How about record.seq_len in SearchIO, isn't that same as well? At least
I am hoping that the length (163 below) of the original query sequence, stored in

  <BlastOutput_query-len>163</BlastOutput_query-len>

of the XML input file. Having access to its value from under hsp object would be the best for me.


> * 'query_span' and 'hit_span' are always computed by SearchIO (always
> end coordinate - start coordinate of the query / hit match of the HSP,
> so they do not count the gap characters). They may or may not be equal
> to their seq_len counterparts, depending on how much the HSP covers
> the query / hit sequences.

I hope you wanted to say "end - start + 1" ;-)

>
> (I couldn't find any reference to sbjct_length in the current
> codebase, perhaps it was removed some time ago?)

I have the feelings that either blast or biopython used subjct_* with the 'u' in the name.


> Since this is SearchIO, it also applies to other formats as well (e.g.
> aln_span always counts the gap character).

Fine with me, I need both values describing length region covered in the HSP, with and without the minus signs.

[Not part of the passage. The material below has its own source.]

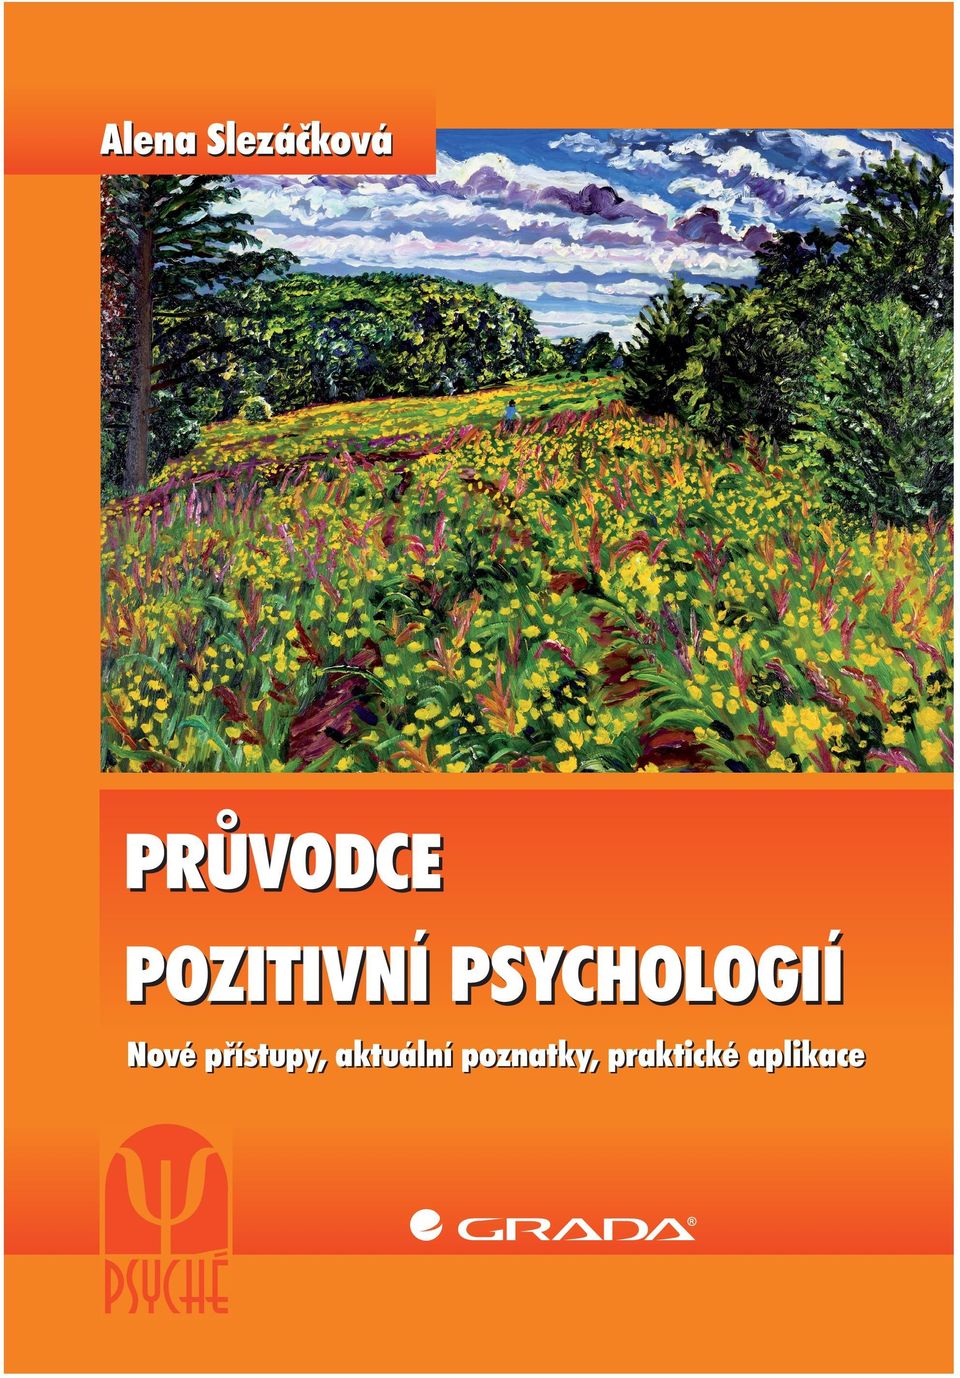 cz), zástupkyní ČR v Evropské společnosti pozitivní psychologie ENPP a členkou vedení Mezinárodní asociace pozitivní psychologie IPPA.

> The 'gap_num' error sounds a bit weird, though. If I recall correctly,
> it should work in 1.62 (it was added very early in the beginning).
> What problems are you having?


if str(_hsp.gap_num) == '(None, None)':
     ....
AttributeError: 'HSP' object has no attribute 'gap_num'


Here is the hsp object structure:

_hsp=['_NON_STICKY_ATTRS', '__class__', '__contains__', '__delattr__', '__delitem__', '__dict__', '__doc__', '__format__', '__getattribute__', '__getitem__', '__hash__', '__init__', '__iter__', '__len__', '__module__', '__new__', '__nonzero__', '__reduce__', '__reduce_ex__', '__repr__', '__setattr__', '__setitem__', '__sizeof__', '__str__', '__subclasshook__', '__weakref__', '_aln_span_get', '_get_coords', '_hit_end_get', '_hit_inter_ranges_get', '_hit_inter_spans_get', '_hit_range_get', '_hit_span_get', '_hit_start_get', '_inter_ranges_get', '_inter_spans_get', '_items', '_query_end_get', '_query_inter_ranges_get', '_query_inter_spans_get', '_query_range_get', '_query_span_get', '_query_start_get', '_str_hsp_header', '_transfer_attrs', '_validate_fragment', 'aln', 'aln_all', 'aln_annotation', 'aln_annotation_all', 'aln_span', 'alphabet', 'bitscore', 'bitscore_raw', 'evalue', 'fragment', 'fragments', 'hit', 'hit_all', 'hit_description', 'hit_end', 'hit_end_all', 'hit_features', 'hit_
 f
eatures_all', 'hit_frame', 'hit_frame_all', 'hit_id', 'hit_inter_ranges', 'hit_inter_spans', 'hit_range', 'hit_range_all', 'hit_span', 'hit_span_all', 'hit_start', 'hit_start_all', 'hit_strand', 'hit_strand_all', 'ident_num', 'is_fragmented', 'pos_num', 'query', 'query_all', 'query_description', 'query_end', 'query_end_all', 'query_features', 'query_features_all', 'query_frame', 'query_frame_all', 'query_id', 'query_inter_ranges', 'query_inter_spans', 'query_range', 'query_range_all', 'query_span', 'query_span_all', 'query_start', 'query_start_all', 'query_strand', 'query_strand_all']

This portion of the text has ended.